There are some essential savings and investment goals everyone should have in order to be able to cover everything from emergency expenses now to living expenses after retirement and to build wealth!

From Saving to Cover Emergencies to Saving to Cover Retirement … Let’s Do it Right.

Before diving into these essential savings and investment goals you must have, listing your financial goals FIRST is super important to avoid burnout during the saving and investing stage of your financial journey. So, if you haven’t already, I highly suggest listing your financial goals first. We covered personal financial goals you must make for yourself in your lifetime here, for your marriage here, and for your children here. After listing your lifetime goals, we can determine which of those goals we can accomplish this year. We also covered how to maximize your income here. We covered how to begin to set up a budget here. And, we covered how to pay off your debts including mortgage loans, auto loans, credit card and student loan debt. If you haven’t downloaded your free budget template yet, you can do so here now and create a budget for this entire year!

We will be using the “Budget” tab on your budget template to help determine how much you can save and invest this year toward these essential savings and investment goals everyone should have below.

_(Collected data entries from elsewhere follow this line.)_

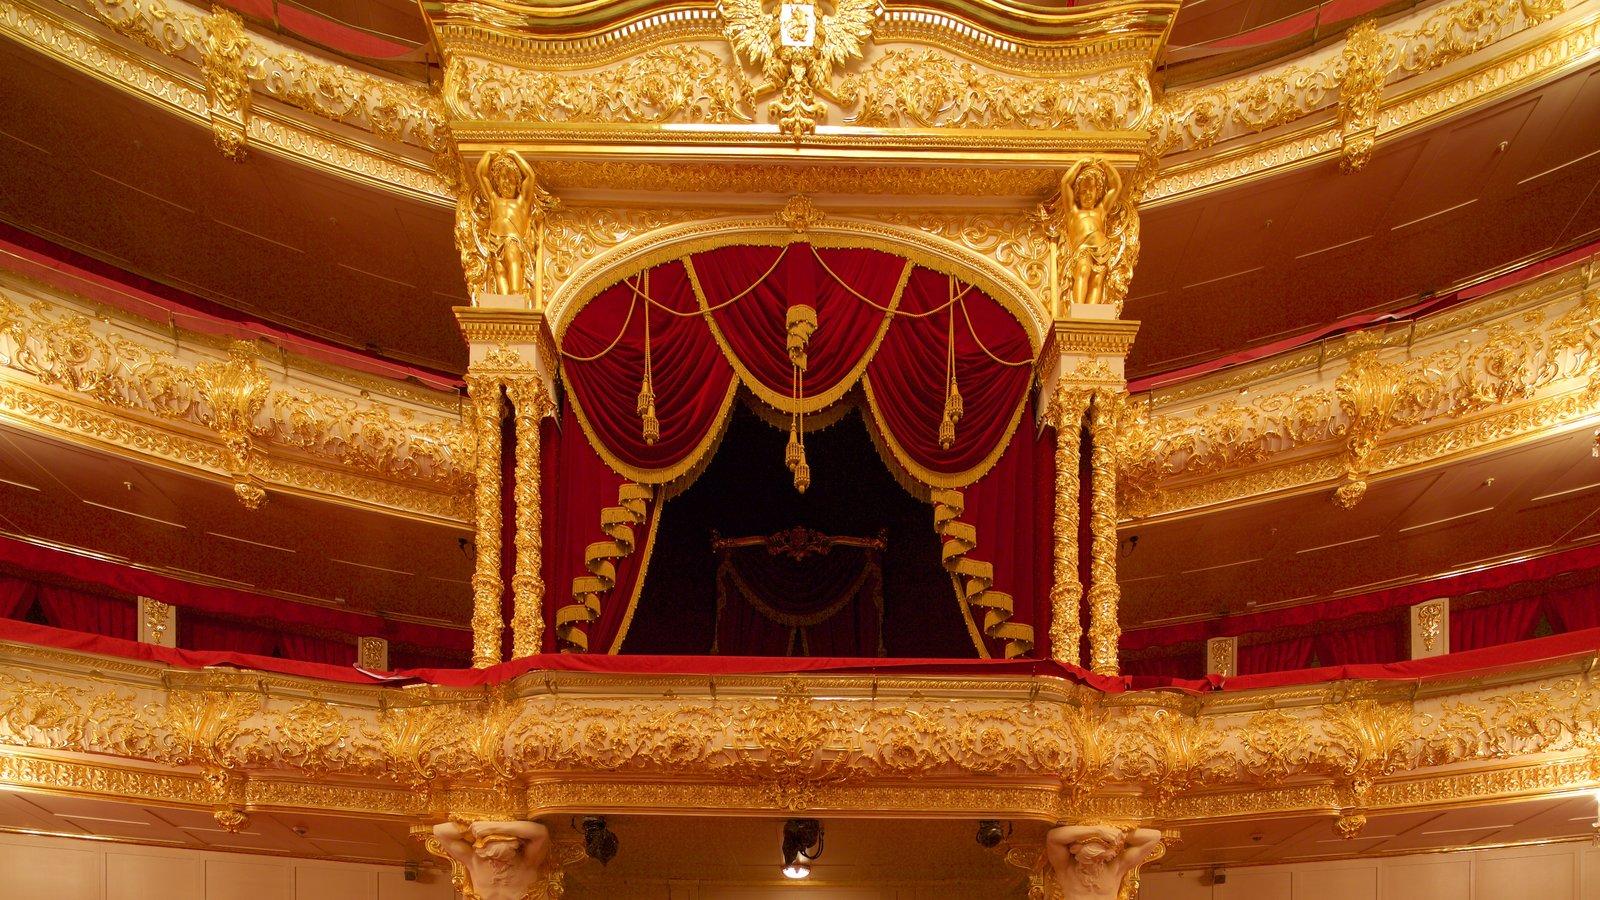 Teatro Bolshoi mostrando arquitetura de patrimônio, vistas internas e cenas de teatro
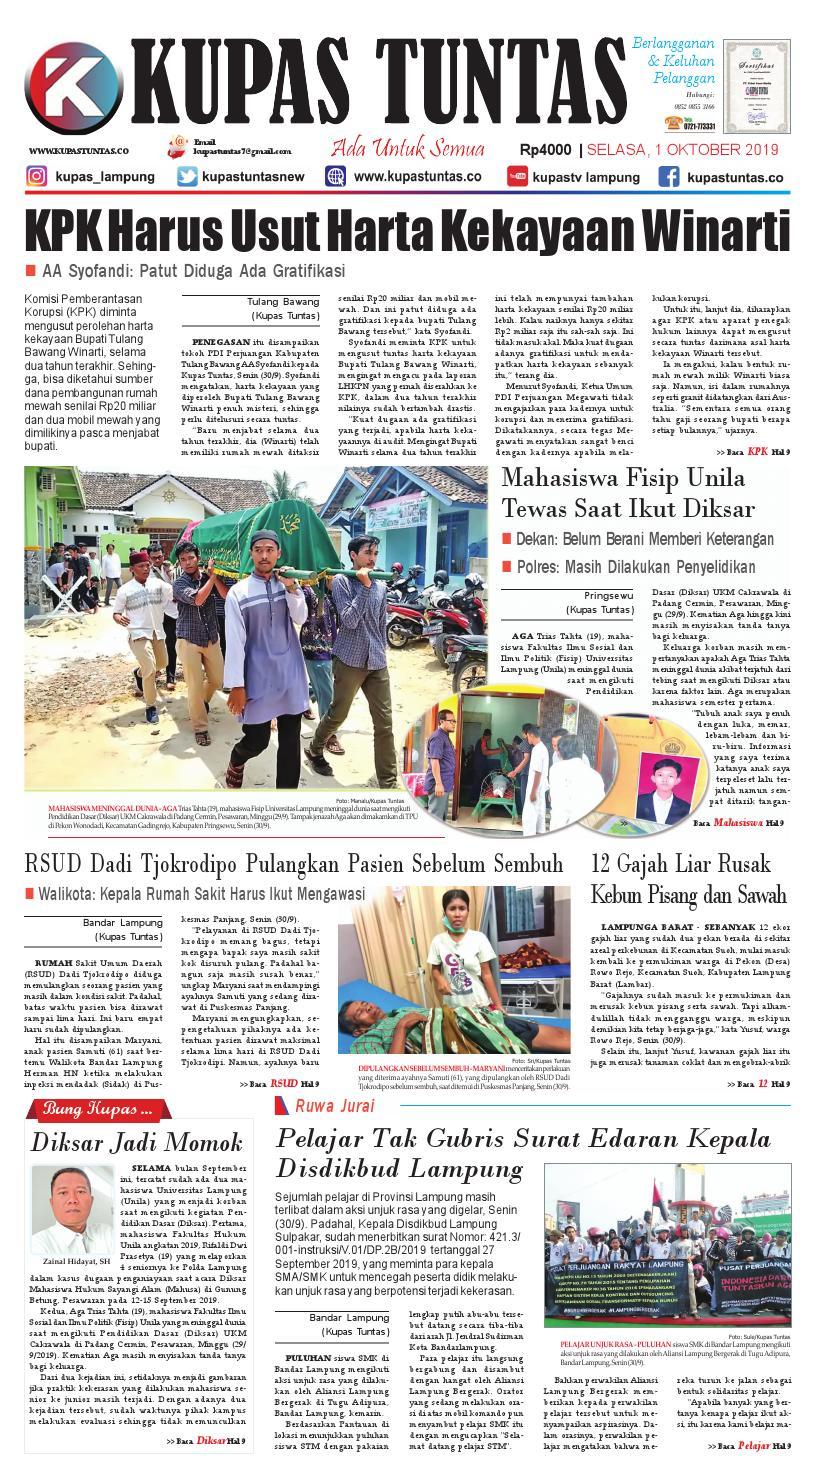 Surat Kabar Harian Kupas Tuntas Edisi Selasa 01 Oktober
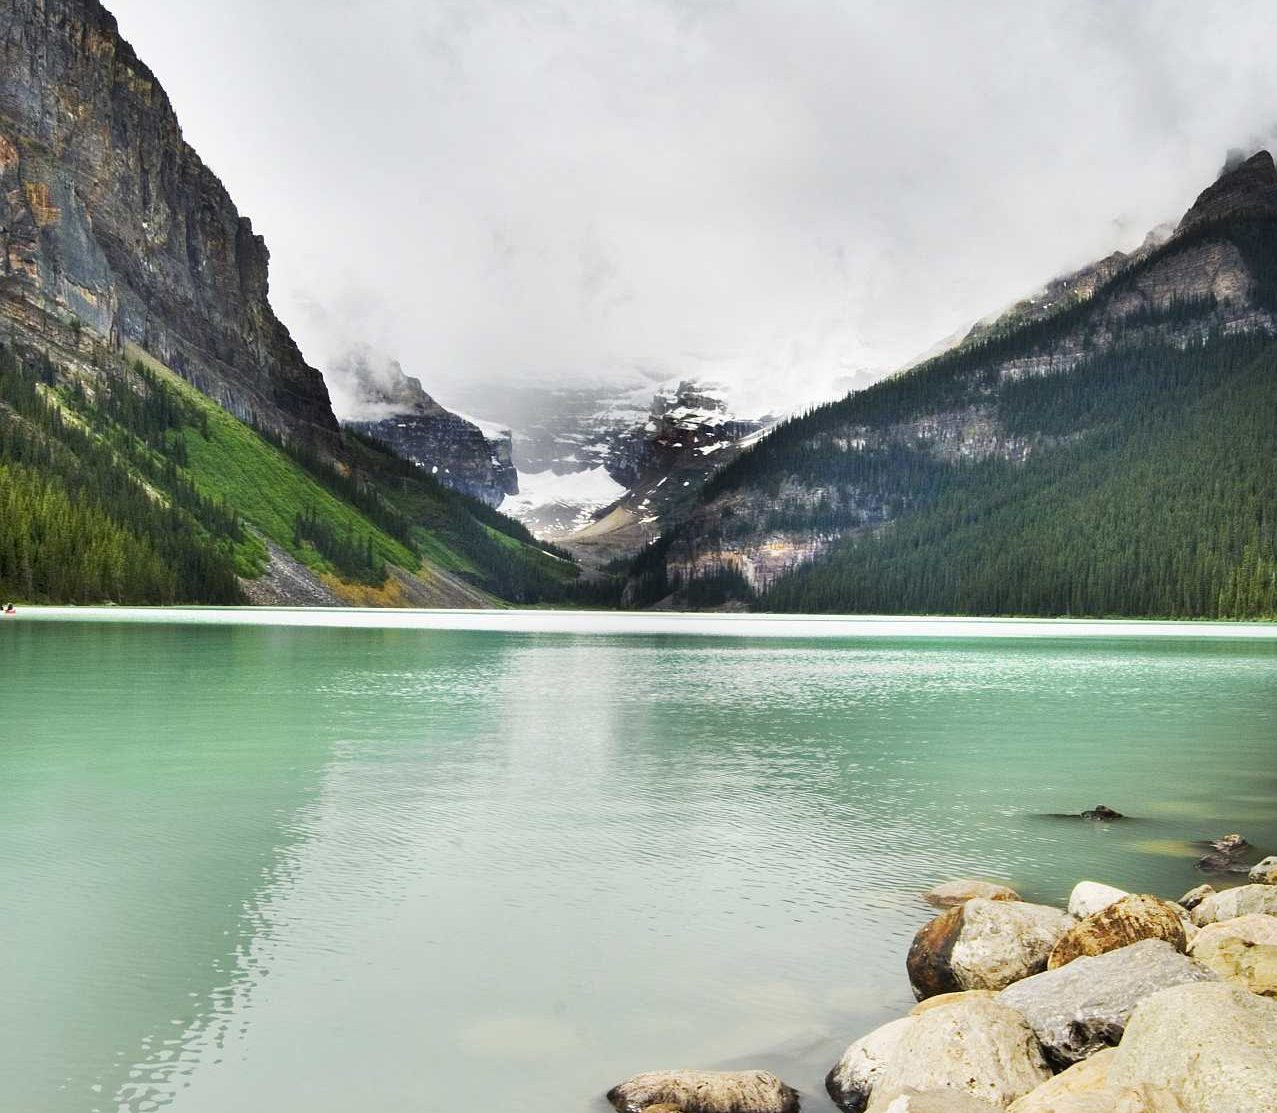 PhotoFly Travel Club | Lake Louise | PhotoFly Travel Club
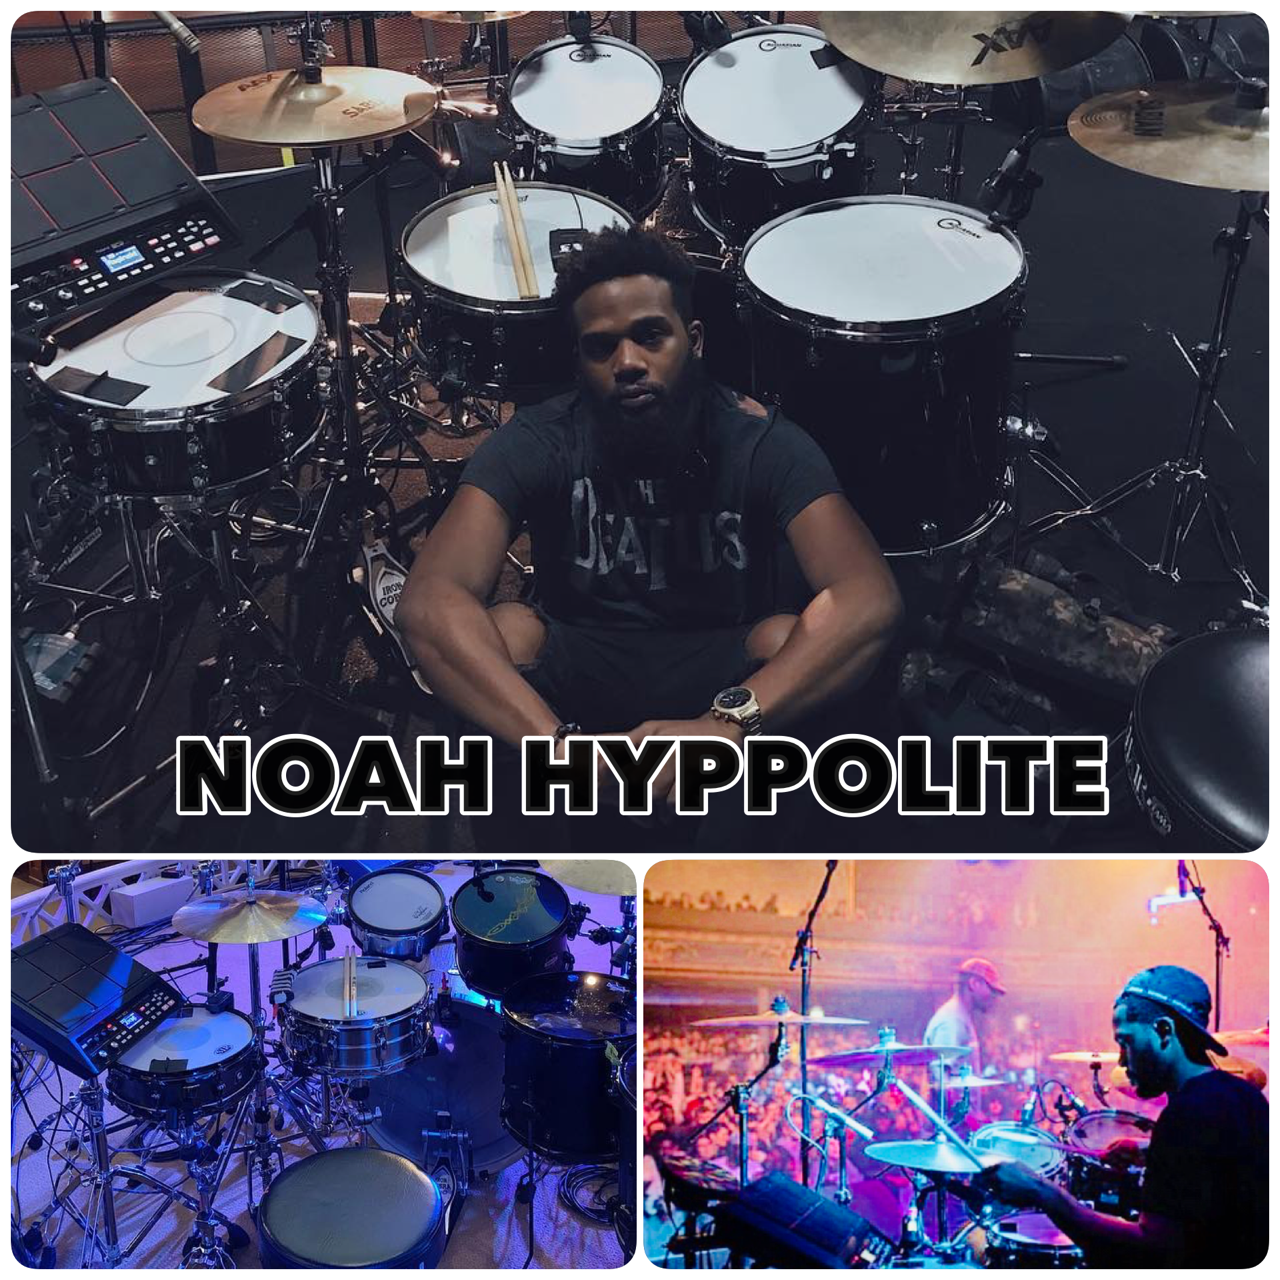 Noah Hyppolite

Savings Goals Everyone Should Have

Emergency Fund

Picture of damage to car windshield indicating the importance for having an emergency fund which is the first of the savings and investment goals everyone should have

The very first of the savings and investment goals everyone should have, BEFORE paying off your debt is to establish your emergency fund. If you are carrying credit card debt already, the last thing you want to do when an emergency arises is to add to your credit card debt. So, here is the proper order of financial priorities to establish your emergency fund:

  • you will not add any charges to your credit cards that already carry debt
  • you will pay all your bills as they are due and the minimums on all your debts
  • and save as much as possible toward your emergency fund until it is fully funded

How much should your emergency fund be? A good rule of thumb is to have at least $1000.00 in savings (or the sum of your deductibles on your insurance policies i.e auto, home, and health) for emergencies like a car accident or home repair or medical emergency. In addition to the sum of your deductibles, you can add as much as you believe you need in order to cover repairs that are not covered by insurance. For example, if you have an older vehicle that is still worth repairing for a couple hundred dollars, when a part is worn and needs to be replaced, you can add that estimated repair amount to your emergency fund total.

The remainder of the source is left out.